# Biggest species of scorpion?



## mattsie23 (Sep 2, 2016)

Hello all, new here. 

I got my first pet scorpion in 2011, ever since I've been addicted to the fascinating creatures. Since 2011 I've had a variety of species, Urodacus Yaschenkoi, cervcophonius Squama, but my most recent addition is some beautiful Urodacus Elongatus, I have about 5 females (gravid) and 3 males.

Just wondering if these are the biggest species you can get in Australia? I'd kill for a emperor, but due to Australia's strict policies they are completely banned? Can you get any other scorpion species along side the Australian species?

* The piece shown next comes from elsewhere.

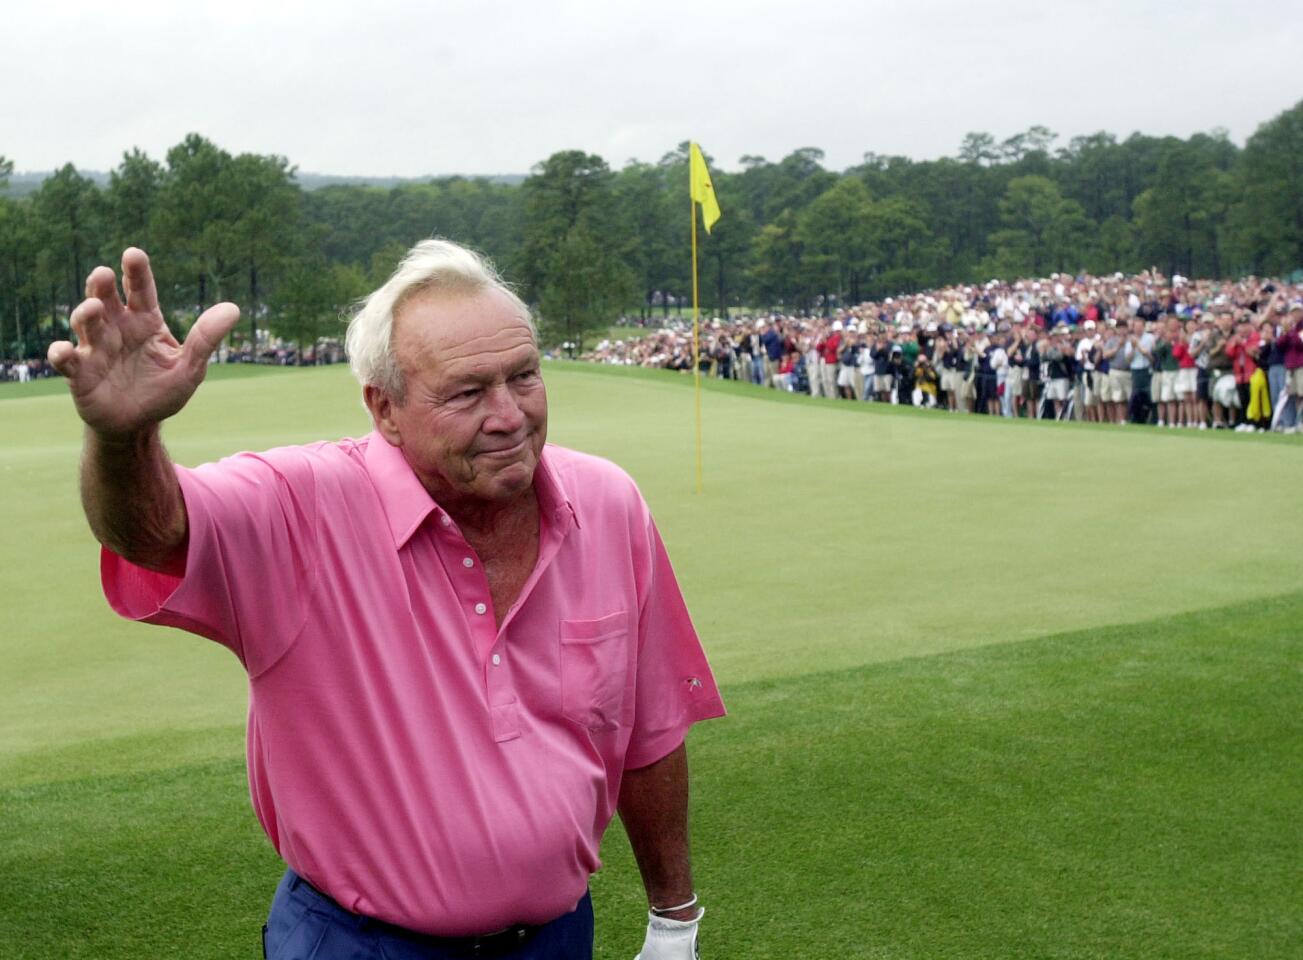 Arnold Palmer waves to the gallery as he completes his last competitive round in the Masters tournament in 2002.

I mean the Australian species are beautiful, but not big enough  my biggest female Elongatus is close to 130mm with its tail laid flat, with its tail folded it's about 90mm (haven't actually taken measurements)

I'd be willing to swap/trade one or a pair for a larger species (if available) or another interesting species. 

Thank you  


Sent from my iPhone using Tapatalk


----------



## KingsReptiles (Sep 3, 2016)

largest aussie species is fliders ranges scorpion


----------



## CrazyNut (Sep 4, 2016)

Urodacud elongatus is the longest you can own however we have a larger species (name escapes me) but you can't get them legaly (well getting a legit legal one would be almost impodsible from memory).


----------



## mattsie23 (Sep 6, 2016)

CrazyNut said:


> Urodacud elongatus is the longest you can own however we have a larger species (name escapes me) but you can't get them legaly (well getting a legit legal one would be almost impodsible from memory).

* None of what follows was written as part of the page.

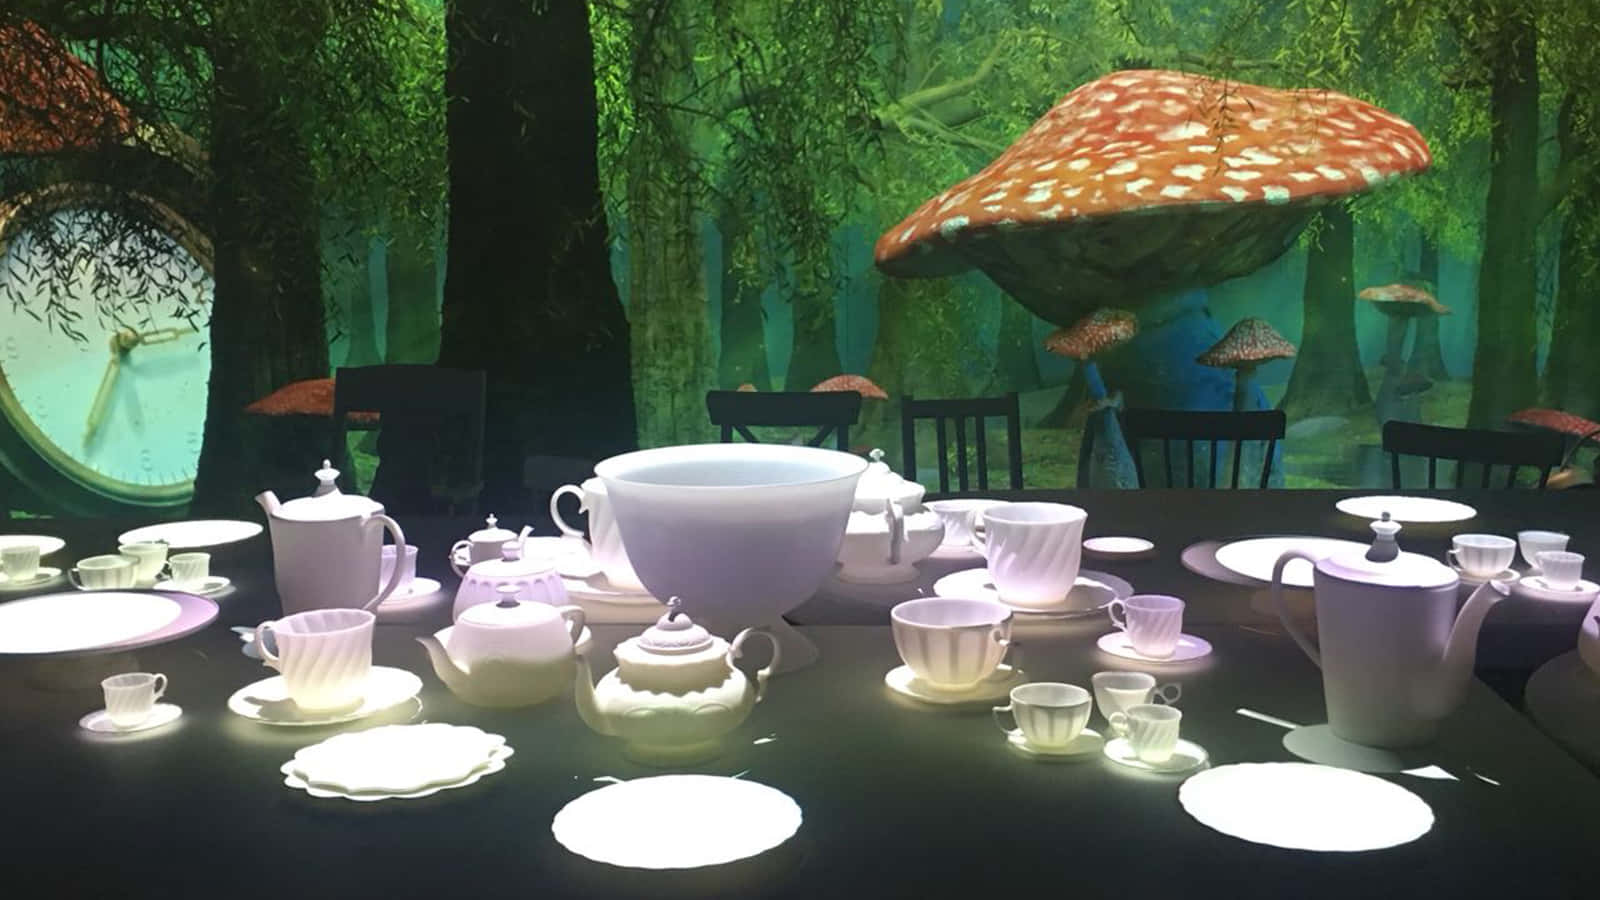 Celebrate in style with a Traditional Tea Party

I'll have to research these, hoping my Elongatus are gravid so I can sell some on


----------



## Milotic (Oct 20, 2016)

Emperor scorpion, the one like the boss in the movie Mummy


----------



## MichLaw (Jan 16, 2017)

I have a Urodacus planimanus and hes rather large 9CM or so and very cool looking. If you want the number to the breeder he still has some male adults available its $50 including shipping. He is also very active contradictory to what some websites say. Even when he has been fed and isnt hungry he still comes out every night. Although he looks much smaller than he actually is on my finger.


r




ALSO NOTICE I DID NOT PLACE HIM LIKE THAT, hes just a model


----------



## MichLaw (Jan 16, 2017)

Also here is a pic of the breeder holding him by a flinders range scorpion


----------



## Dippyboy (May 22, 2017)

Legally? Elongatus are one of the largest species you can own legally. Largest in Aus would be a toss up between Urodacus Excellens and Urodacus Centralis (I believe Centralis is slightly larger) but they are both rare as hens teeth in the pet trade and I believe Excellens are protected.


----------